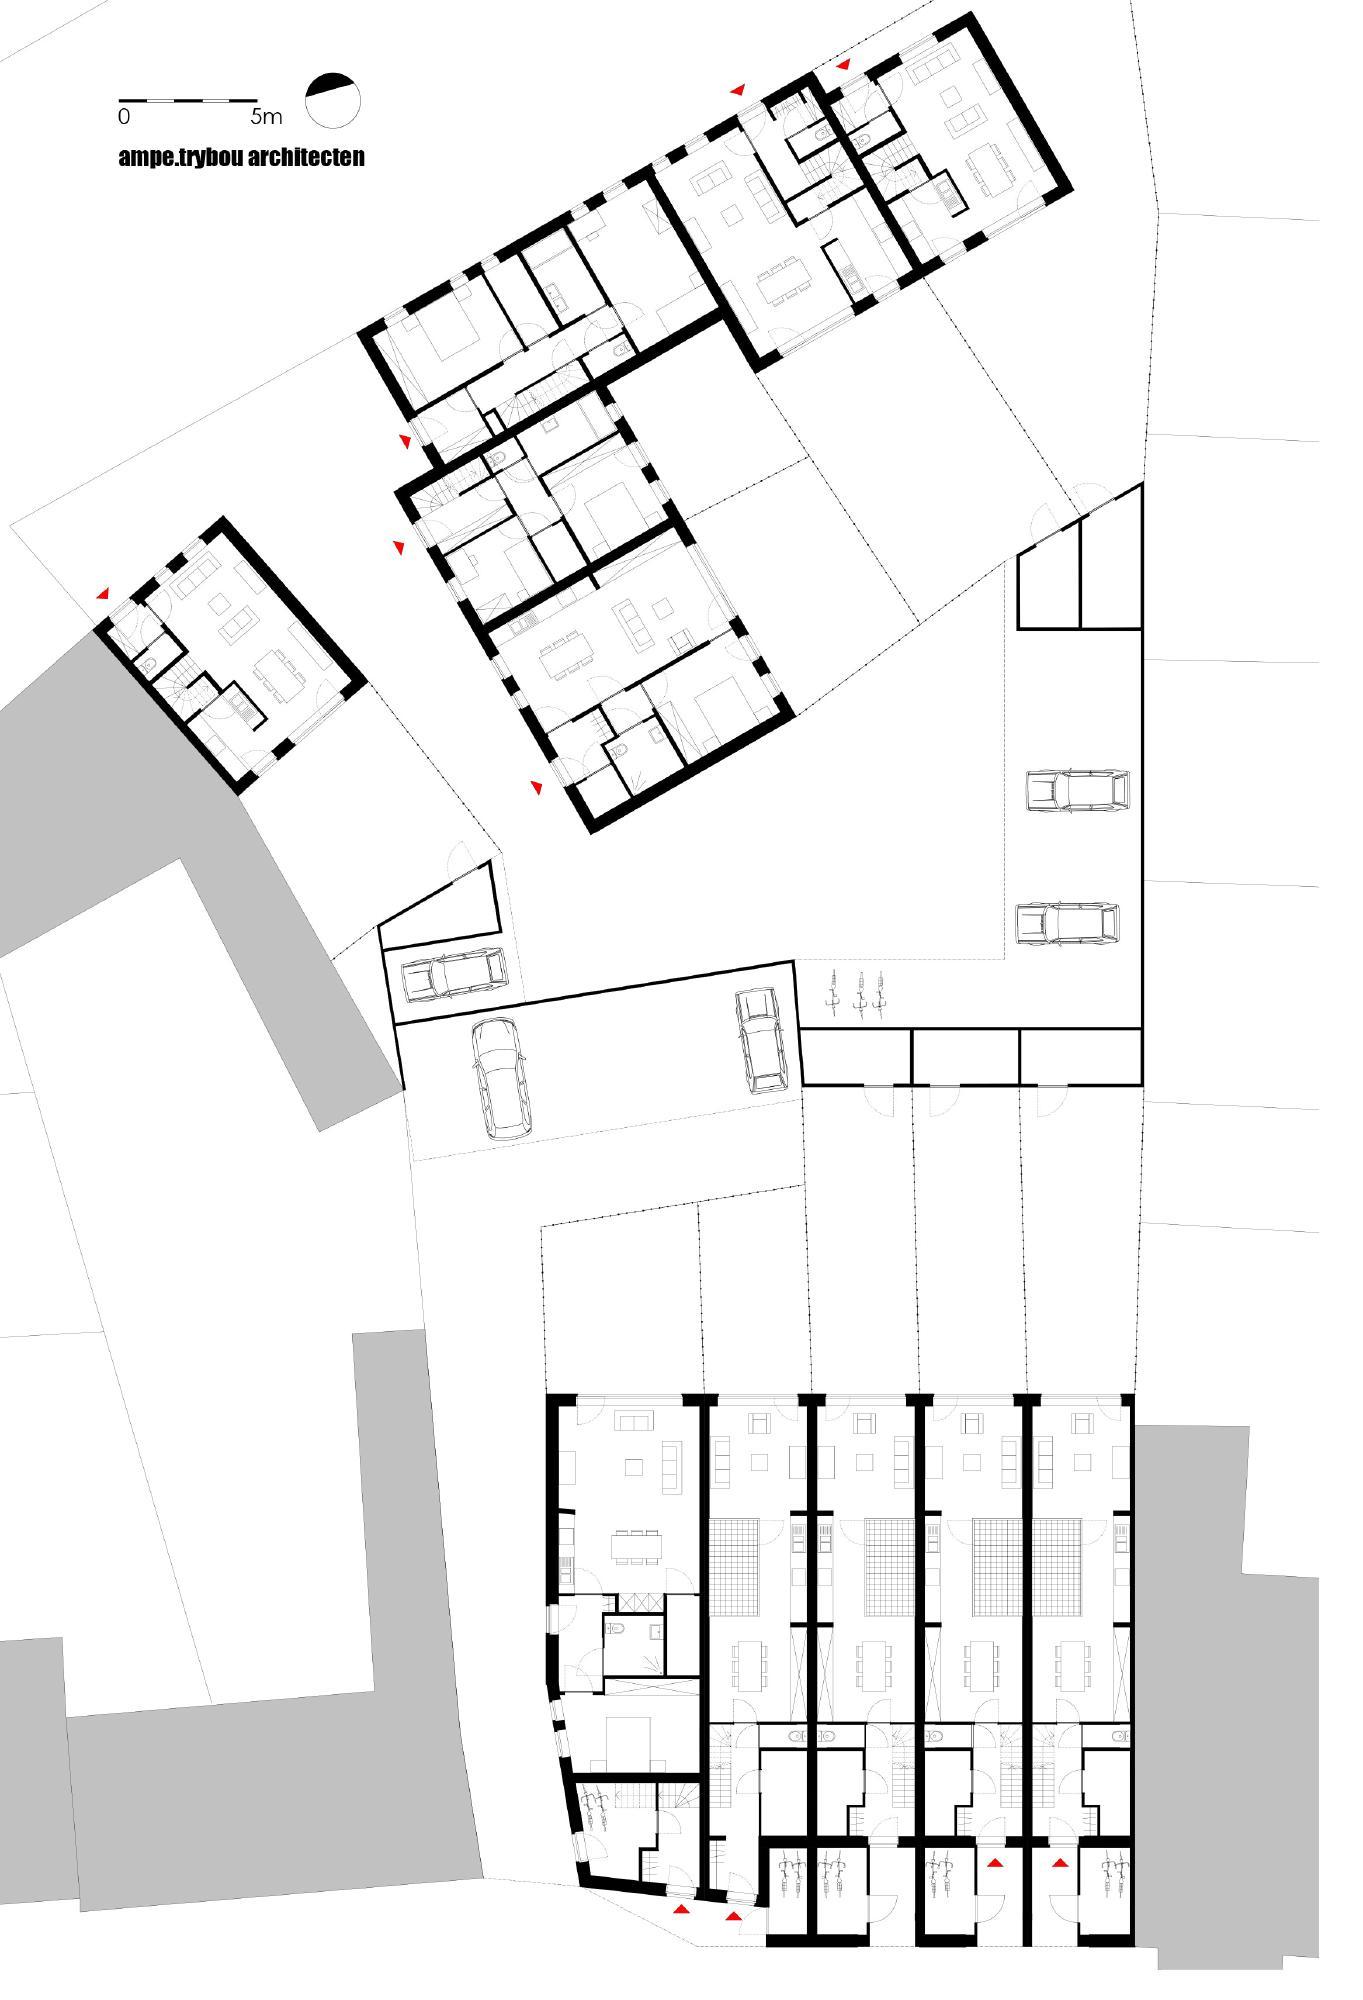 ampe.trybou architecten, Dennis De Smet · Low Energy
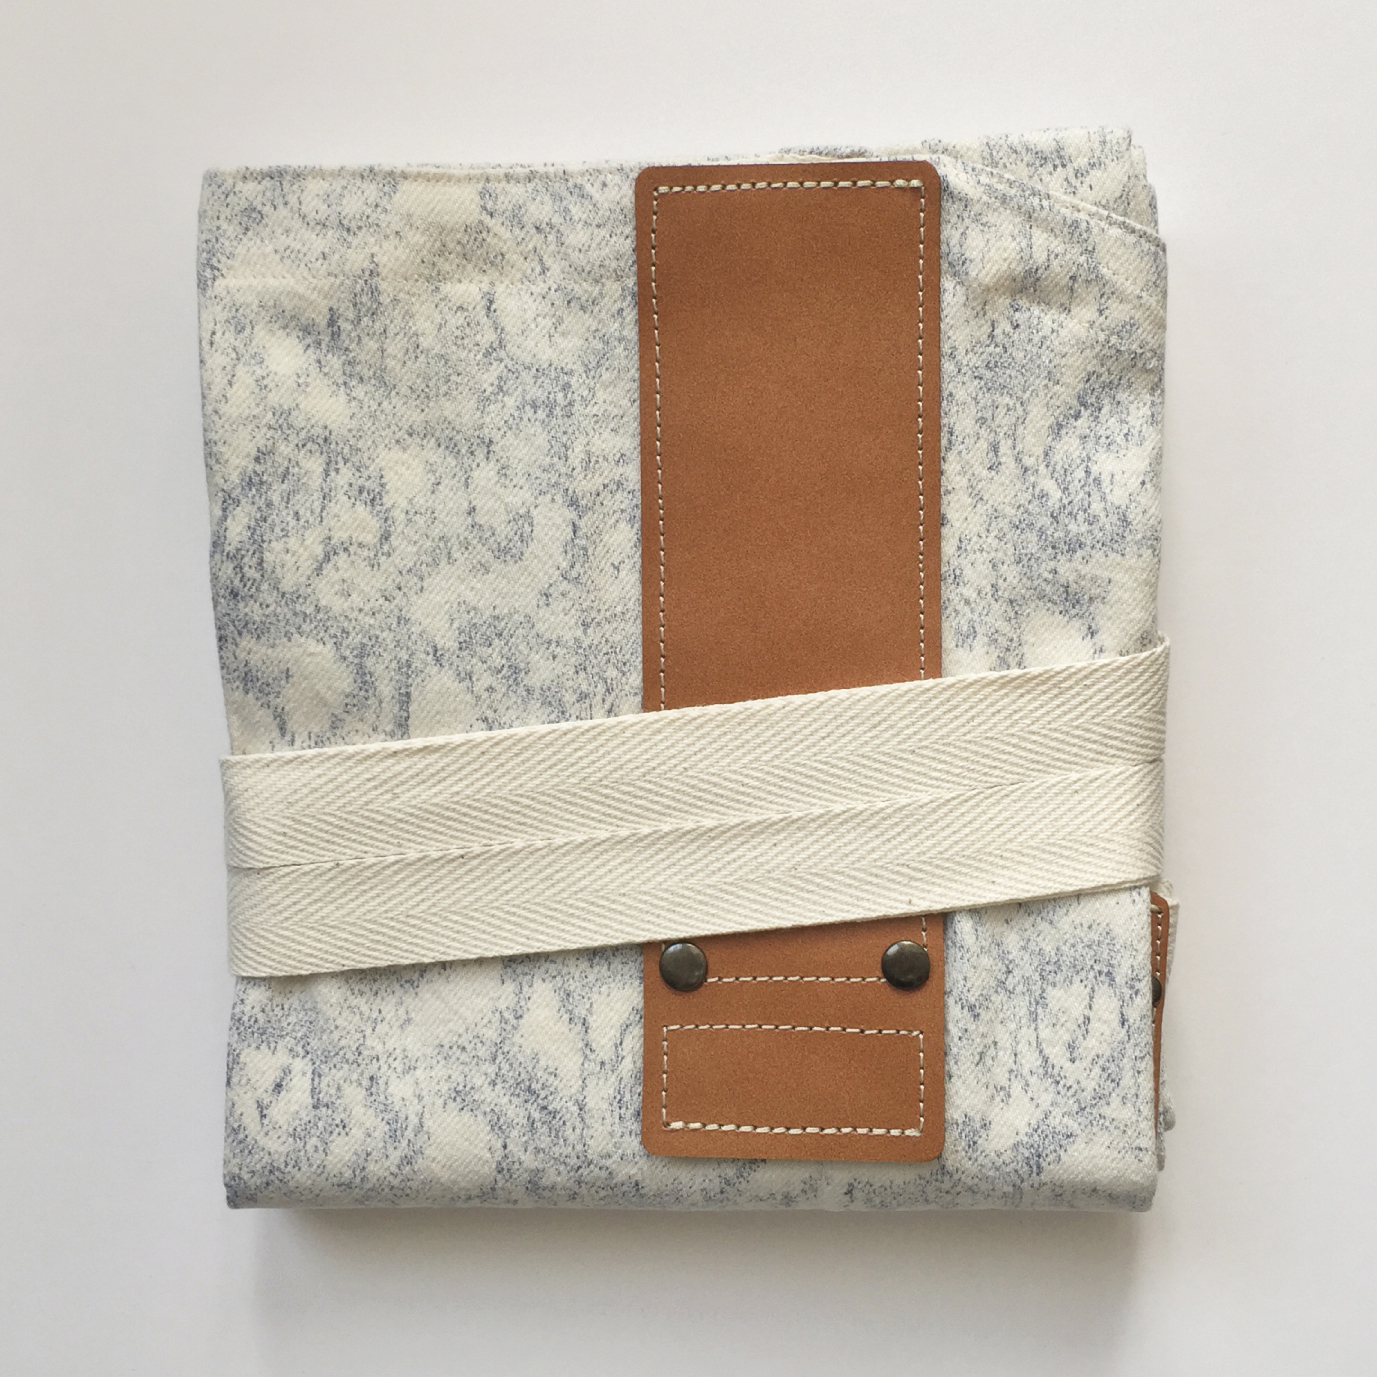 PAISLEYBLUExBROWN HASHIRA-JYU mitten pocket set
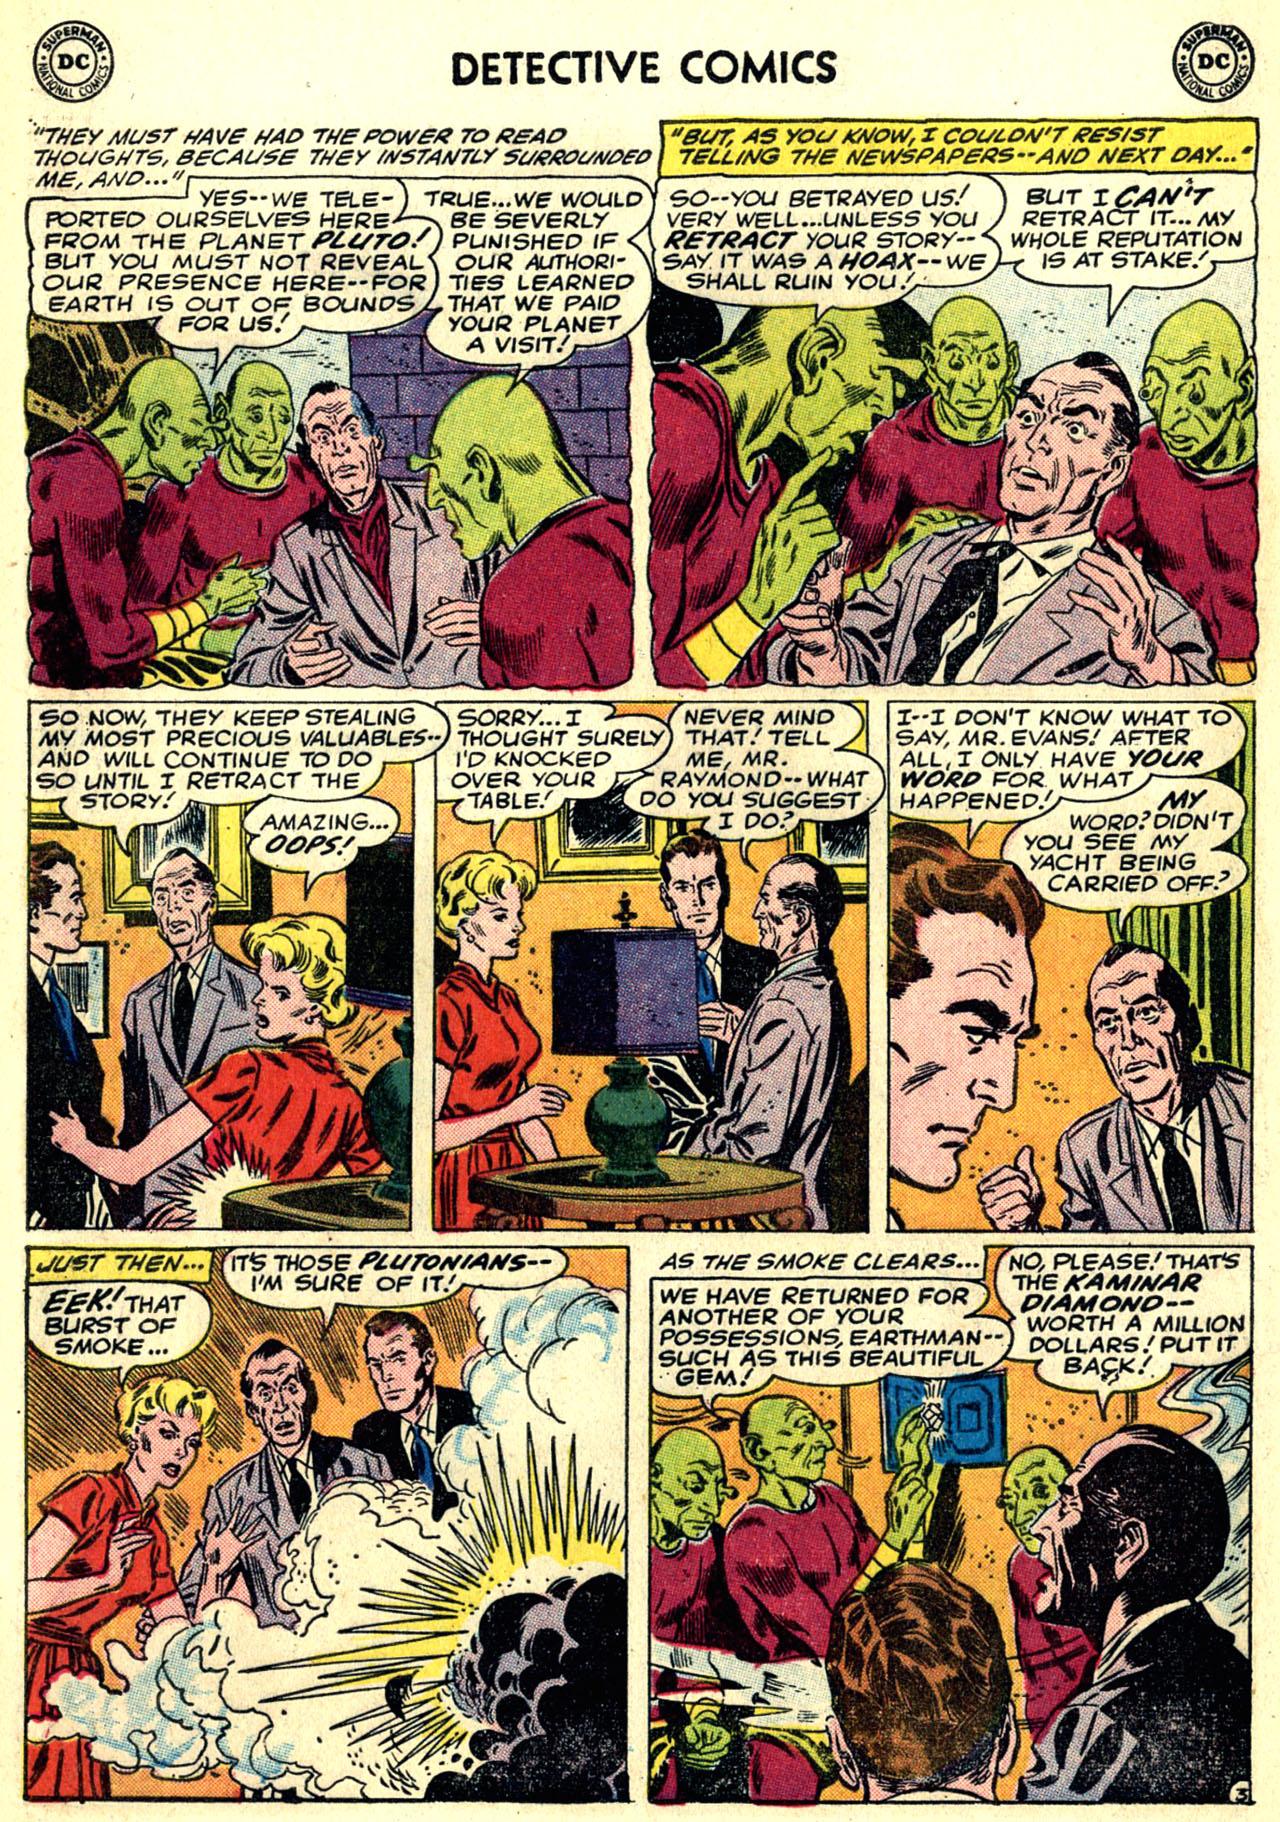 Detective Comics (1937) 273 Page 19

WHAT NEEDS TO BE DONE: Each line above should be returned exactly as written, apart from any pictures.

RESULT:
 ampe.trybou architecten, Dennis De Smet · Low Energy
 PAISLEYBLUExBROWN HASHIRA-JYU mitten pocket set
 Detective Comics (1937) 273 Page 19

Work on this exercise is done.